Wichtige Details zur Covid-19-Impfung

Auszüge aus einem Interview mit Prof. Hockertz am 4.12.2020 in der 30.Sitzung des Corona-Ausschußes:

Hockertz stellt zur Tatsache, daß Großbritannien beginnt mit der Covid-Impfung, fest: „interessanterweise in einem Land, das uns vor 3 oder 4 Wochen über eine öffentliche Ausschreibung bekanntgemacht hat, daß dort Computer und Server neu angeschafft werden müssen, um der Höhe und der Schwere der Nebenwirkungen, die zu erwarten sind durch eine solche mRNA-Impfung, Herr zu werden. Es ist schon klar, daß die Behörden sehr wohl wissen … was da auf sie zukommt. Und trotzdem lassen sie es zu. Das ist sicherlich politischer Druck….

Die Swissmedic, ist die Schweizerische Zulassungs- und Aufsichtsbehörde für Arzneimittel und Medizinprodukte, hat mehrere Millionen Covid-Impfdosen bestellt. „Und am 1.12., 15:49 Uhr geht über Swiss.info … daß die Swissmedic, ich zitiere mal nur den einen Satz: „The regulator = Swissmedic – said: Important data on safety, efficasy an quality are still missing.“ Auf deutsch: „Die Aufsichtsbehörde = Swissmedic – sagte: wichtige Daten zur Sicherheit, Effizienz und Qualität fehlen noch.“ Hockertz lobt: „Respekt, absolut Respekt, daß hier eine Zulassungsbehörde die unabhängig agiert von Europa, sagt: Liebe Leute, Was hier an Sicherheitsdaten, an Wirksamkeits- und Qualitätsdaten vorliegt, ist so gut wie nichts!

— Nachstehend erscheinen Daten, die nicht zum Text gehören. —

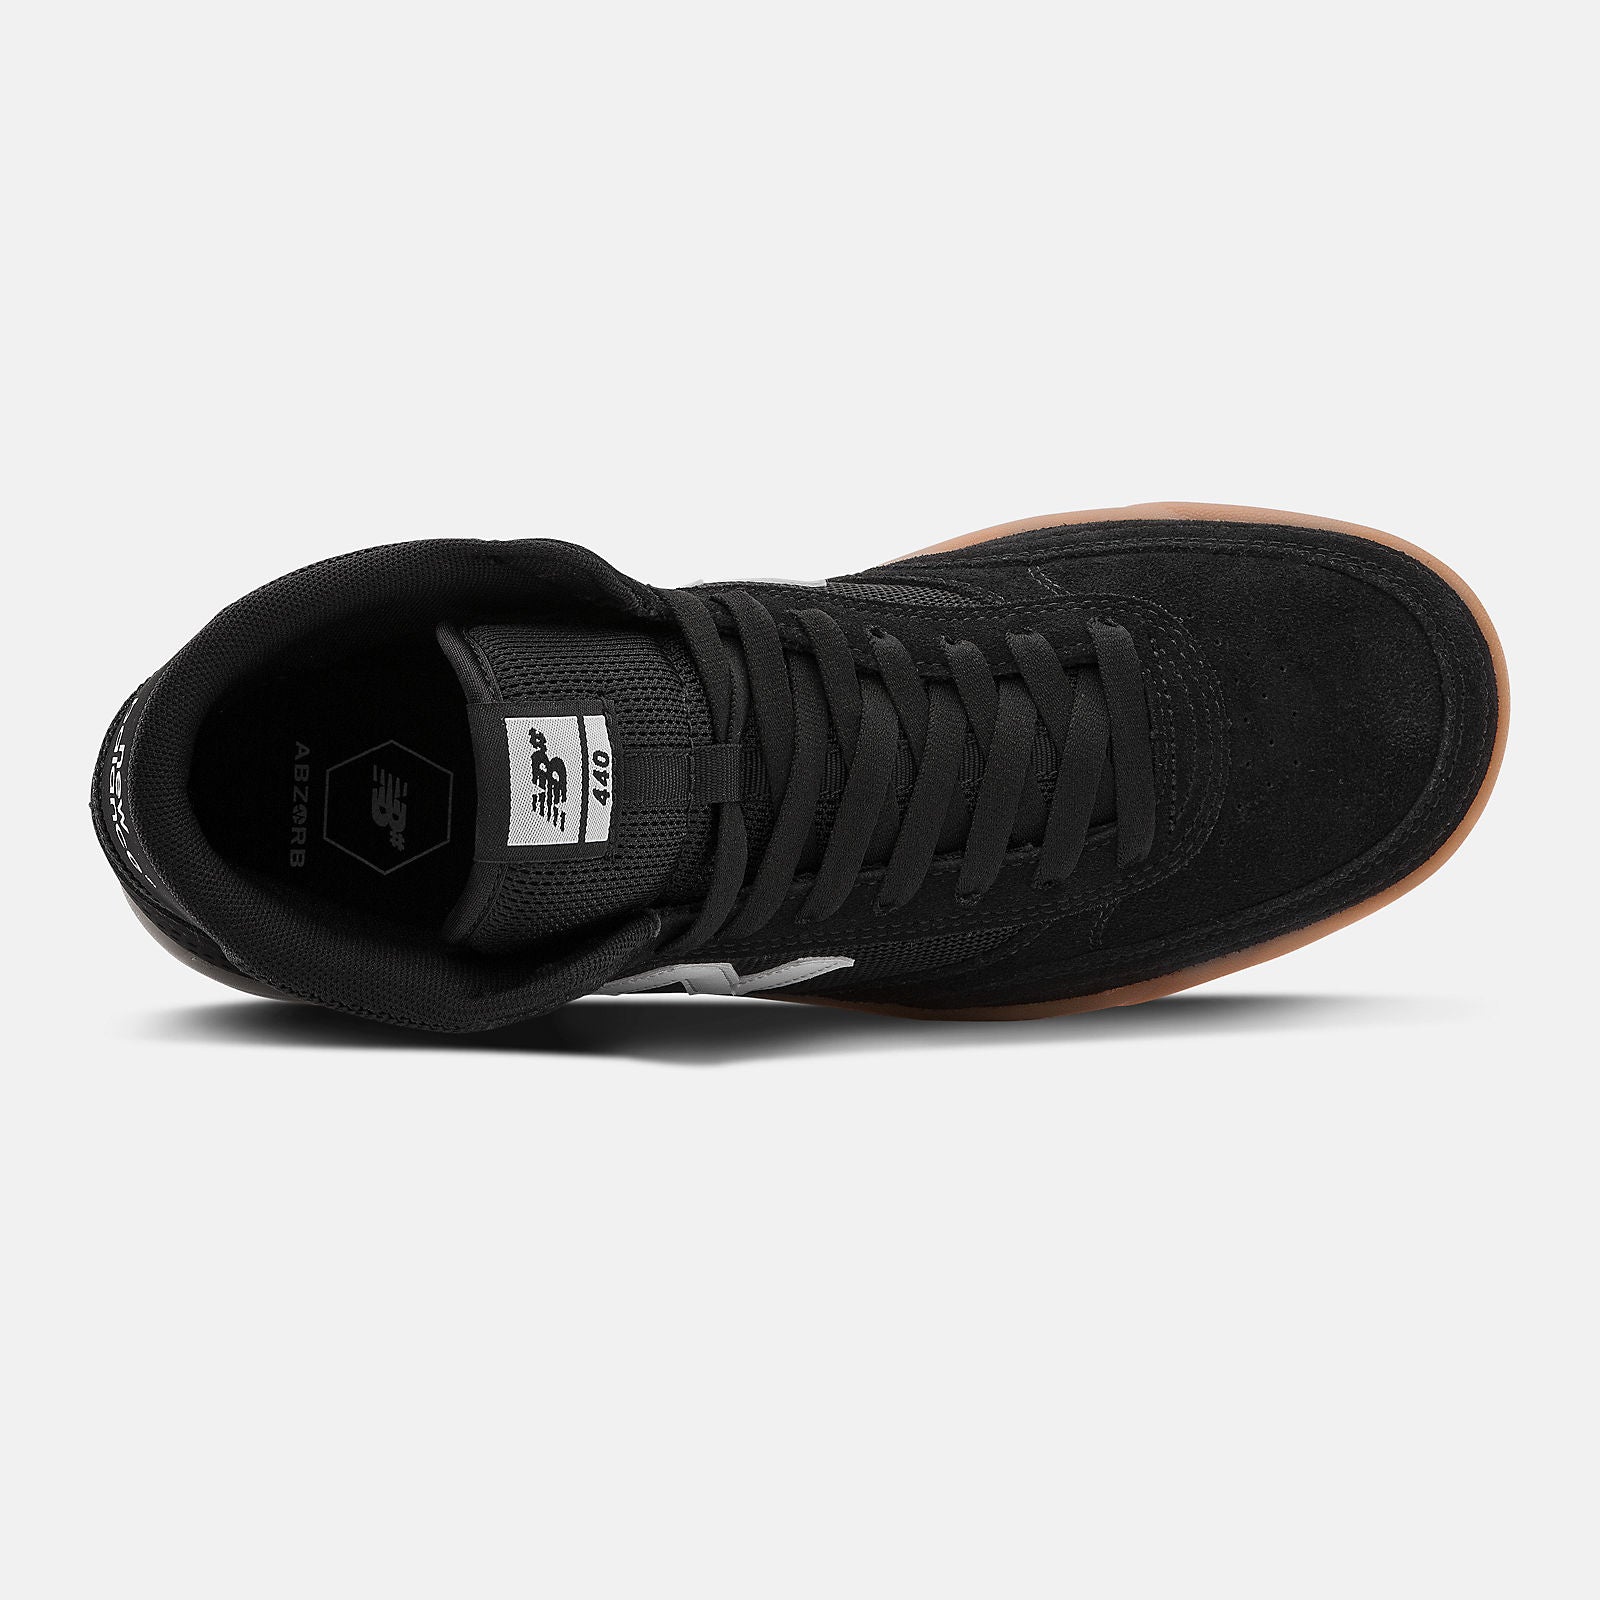 Black/Gum NB Numeric NM440HRD Skate Shoe Top

Und das stimmt ja auch.“ Die Präklinik wurde so gut wie nicht durchgeführt!

Von mir zur Erläuterung: die „Präklinik“ ist in der pharmakologischen Forschung eine Phase, in der Studien (noch) nicht am Menschen, sondern im Zell- oder Tiermodell durchgeführt werden.

Auch bei der rechtlich geregelten Notzulassung für Medikamente zur Behandlung extrem seltener Erkrankungen,

von denen es z.B. nur 50 gibt, darf die klinische Phase 3, die Testung des Medikaments an zehn- und hunderttausenden Menschen in Blind- und Doppelblindstudie, übersprungen werden. Aber nur die!

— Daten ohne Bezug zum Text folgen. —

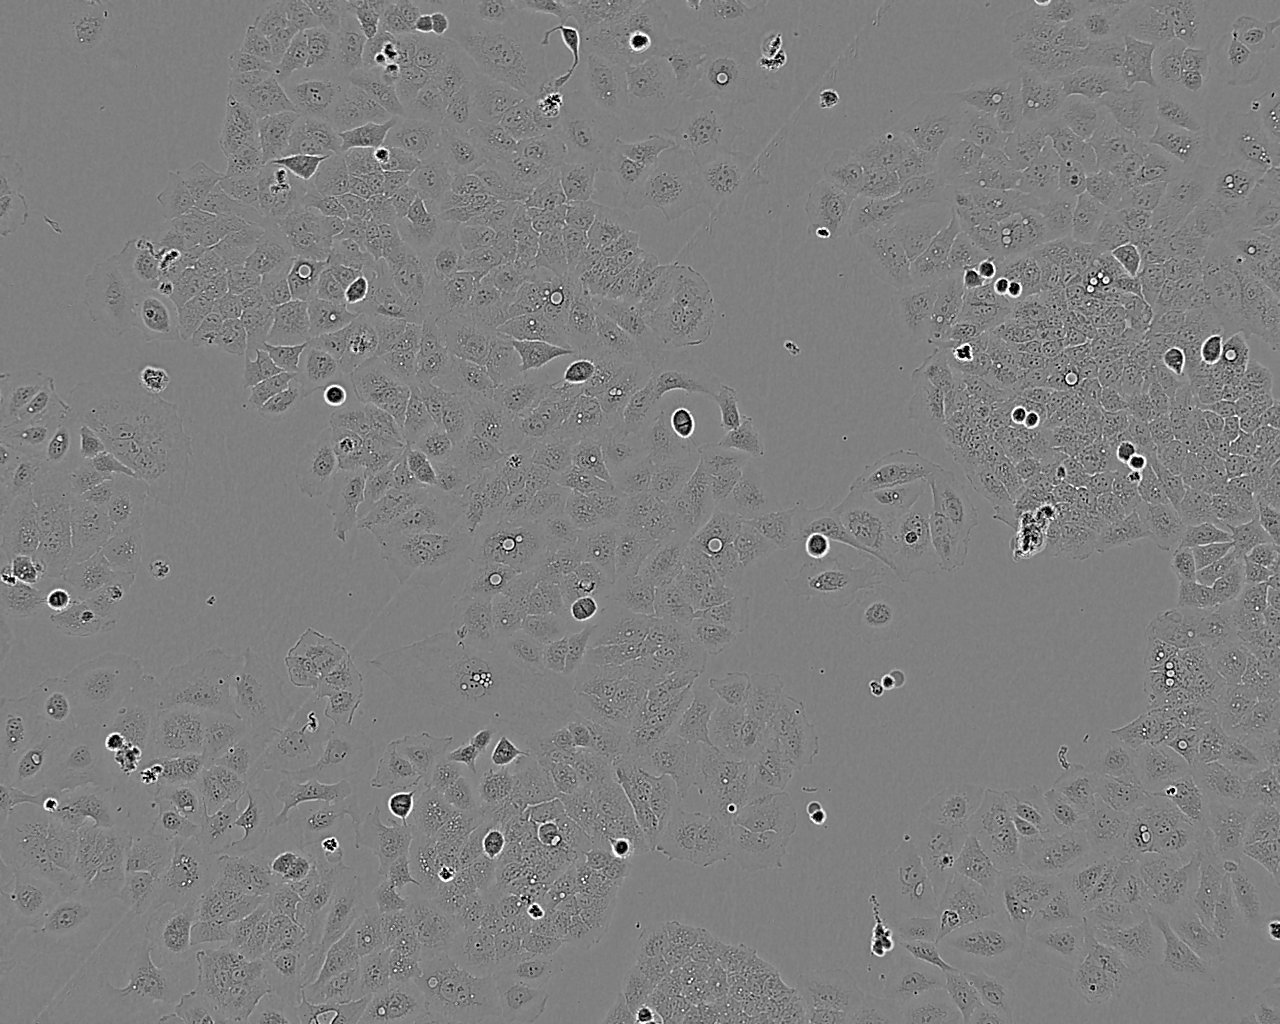 SNU-668 Cell:人胃癌细胞系

Aber bei Corona hat man weder eine Phase 1 noch eine Phase 2 vernünftig durchgeführt. Hockertz: „Aber mein Vorwurf wiegt viel schwerer. … Sicherheit, Wirksamkeit und Qualität, und zwar im präklinischen Bereich, wurden gar nicht gemacht. Und das ist das eigentliche Verbrechen. Man geht sofort in den Menschen …“ verkürzte Auswertungsphasen. Imaginäre 90 und dann 95%, „die völlig absurd sind für einen Impfstoff“.

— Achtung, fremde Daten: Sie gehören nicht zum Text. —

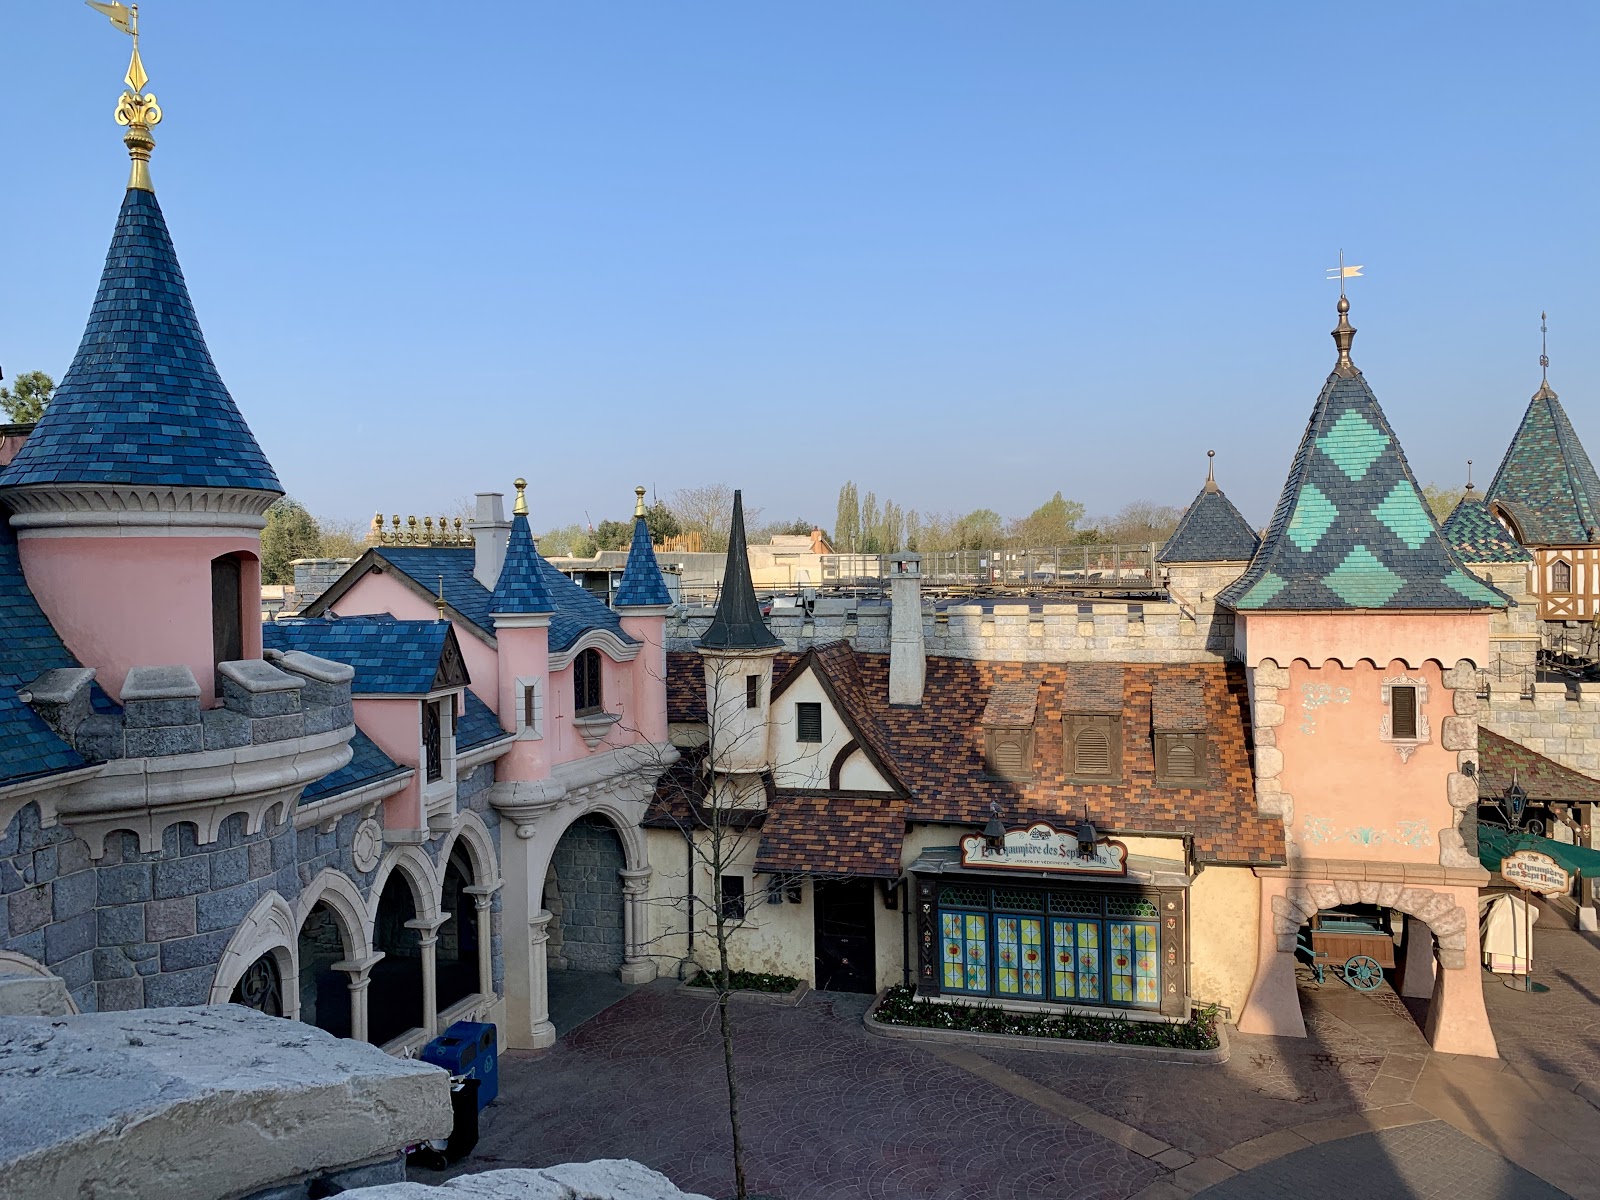 Sleeping Beauty Castle Walkthrough - Disneyland Paris

Auch bei einer Zulassung von Medikamenten für extrem seltene Erkrankungen „gibt es überhaupt gar keine Einschränkungen im Bereich Pharmakologie und Toxikologie. Diese Hausaufgaben müssen gemacht werden. Und die sind komplett nicht gemacht worden!“ „Es liegen definitiv keine Tox-daten vor“. „Aber noch schlimmer: die Firma Pfizer, die uns nämlich nicht anlügt, muß man auch mal ehrlich sagen, die hat mir deutlich mitgeteilt, daß sie „no data available yet“ = „noch keine Daten verfügbar“ mir schreiben. … Das heißt, wir machen Menschenexperimente, ohne über die Sicherheit des Produktes Bescheid zu wissen."